Pero todo se truncó de forma brutal un 14 de diciembre de 1984. Cuando regresaba de recoger el premio al mejor ciclista español del año, y se dirigía hacia Aguilar de Campoo para asistir a un homenaje en su honor, el destino decidió apagar su luz para siempre. Un accidente de tráfico, tan cruel como absurdo, se llevó la vida de Alberto Fernández y la de su mujer. Dejaban atrás un hijo de apenas tres años, que no viajaba con ellos aquella noche maldita.
El ciclismo español se sumió en la tristeza. El pelotón perdió mucho más que a un campeón: perdió a un hombre joven, humilde, respetado y querido por todos, un deportista que no solo brillaba sobre la bicicleta, sino también fuera de ella. Un tipo sencillo, de los que saludaban a todos, de los que se ganan el cariño con hechos, no con gestos grandilocuentes. Su muerte dejó un hueco que aún, décadas después, no ha podido llenarse del todo.

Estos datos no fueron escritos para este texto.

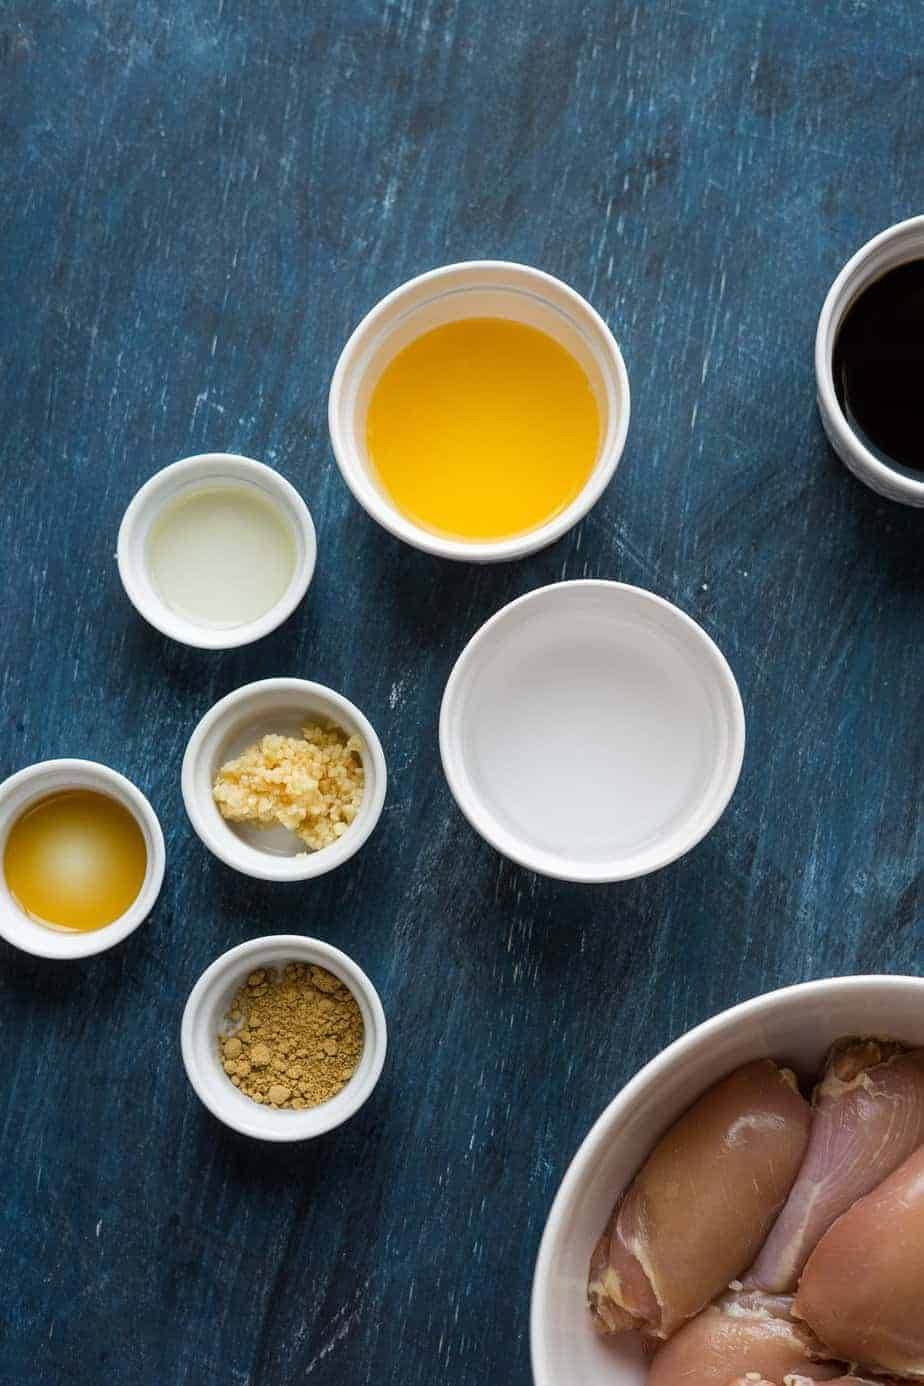 simple ingredients measured in small bowls
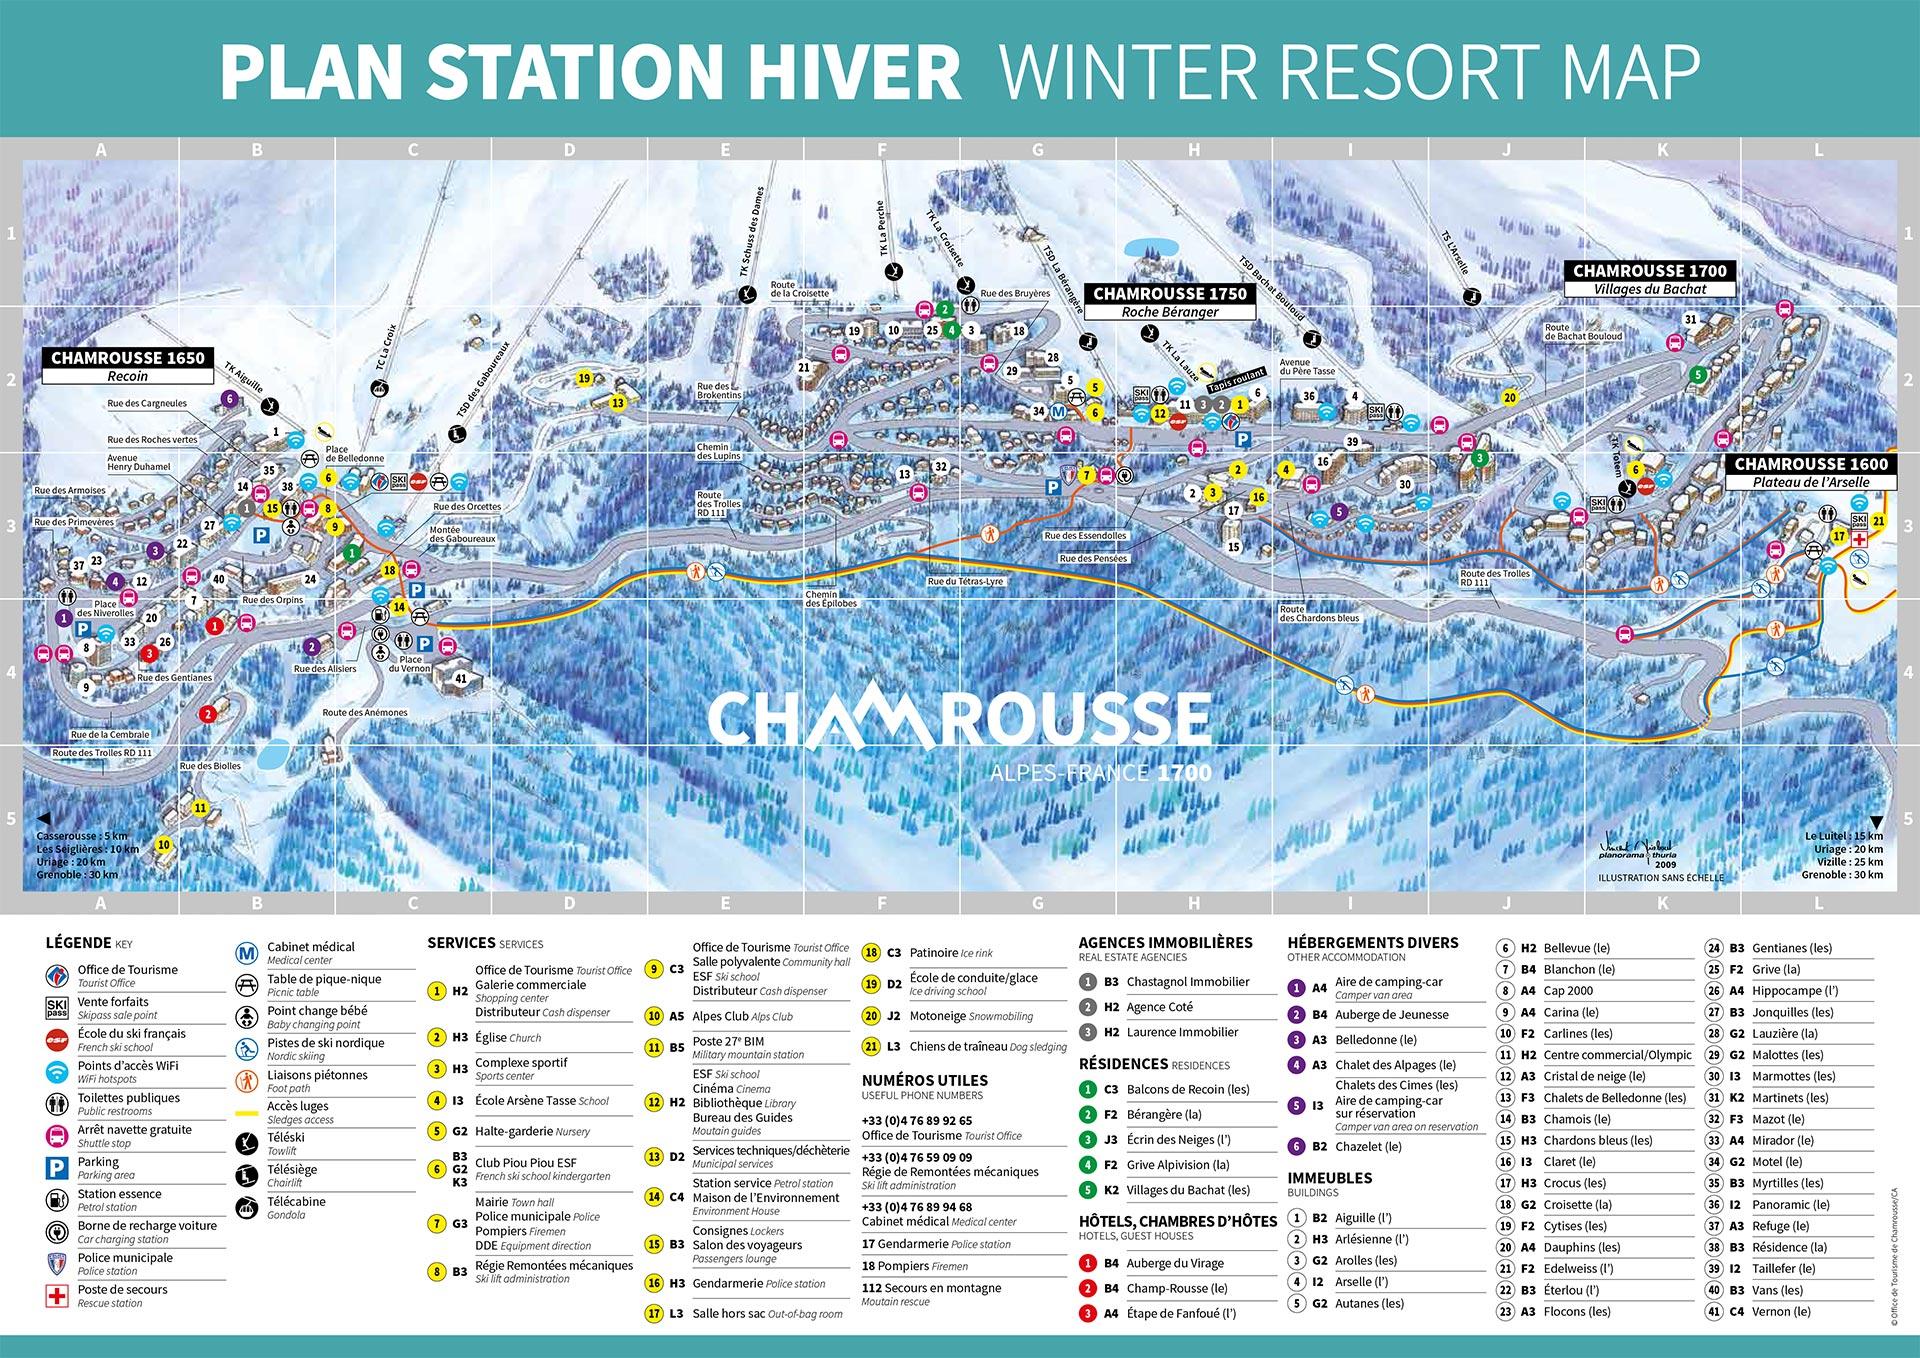 Chamrousse plan station hiver ski montagne grenoble lyon isère alpes france

Las muestras de dolor se multiplicaron en todo el país. Compañeros, rivales, aficionados… Todos sabían que aquel chico de rostro amable y piernas de acero estaba destinado a grandes cosas. Que su mejor victoria aún estaba por llegar. Que su historia debía haber tenido otro final.
Pero aunque la carretera se lo llevó demasiado pronto, su memoria no se perdió en ninguna cuneta del tiempo. Desde entonces, Alberto Fernández Blanco se ha convertido en un símbolo del ciclismo español, en un referente eterno de esfuerzo, talento y nobleza.
Hoy, una calle en Palencia lleva su nombre, al igual que el polideportivo de Aguilar de Campoo, su segunda patria. Todos los años se celebra una marcha cicloturista en su honor, y un monolito recuerda su figura en la tierra que le vio crecer y pedalear por primera vez. No es una estatua cualquiera: es un grito silencioso de admiración, un recordatorio de que los héroes no mueren mientras alguien los recuerde.
Su hijo, Alberto Fernández Sainz, tomó el testigo. Desde 2007 es ciclista profesional y ha vestido los colores del equipo Xacobeo Galicia. Lleva consigo el apellido y, quizás, una promesa no dicha: la de seguir rodando por los caminos que el destino le negó a su padre. Ojalá la historia le devuelva parte de aquella gloria robada, no por capricho del pelotón, sino por la violencia del azar.
Desde este pequeño rincón en la red, un recuerdo sincero para Alberto Fernández Blanco, para el ciclista que soñaba en grande, para el hombre que lo daba todo sin esperar nada, para “El Galleta”, cuya leyenda sigue rodando, como un pelotón que nunca se detiene.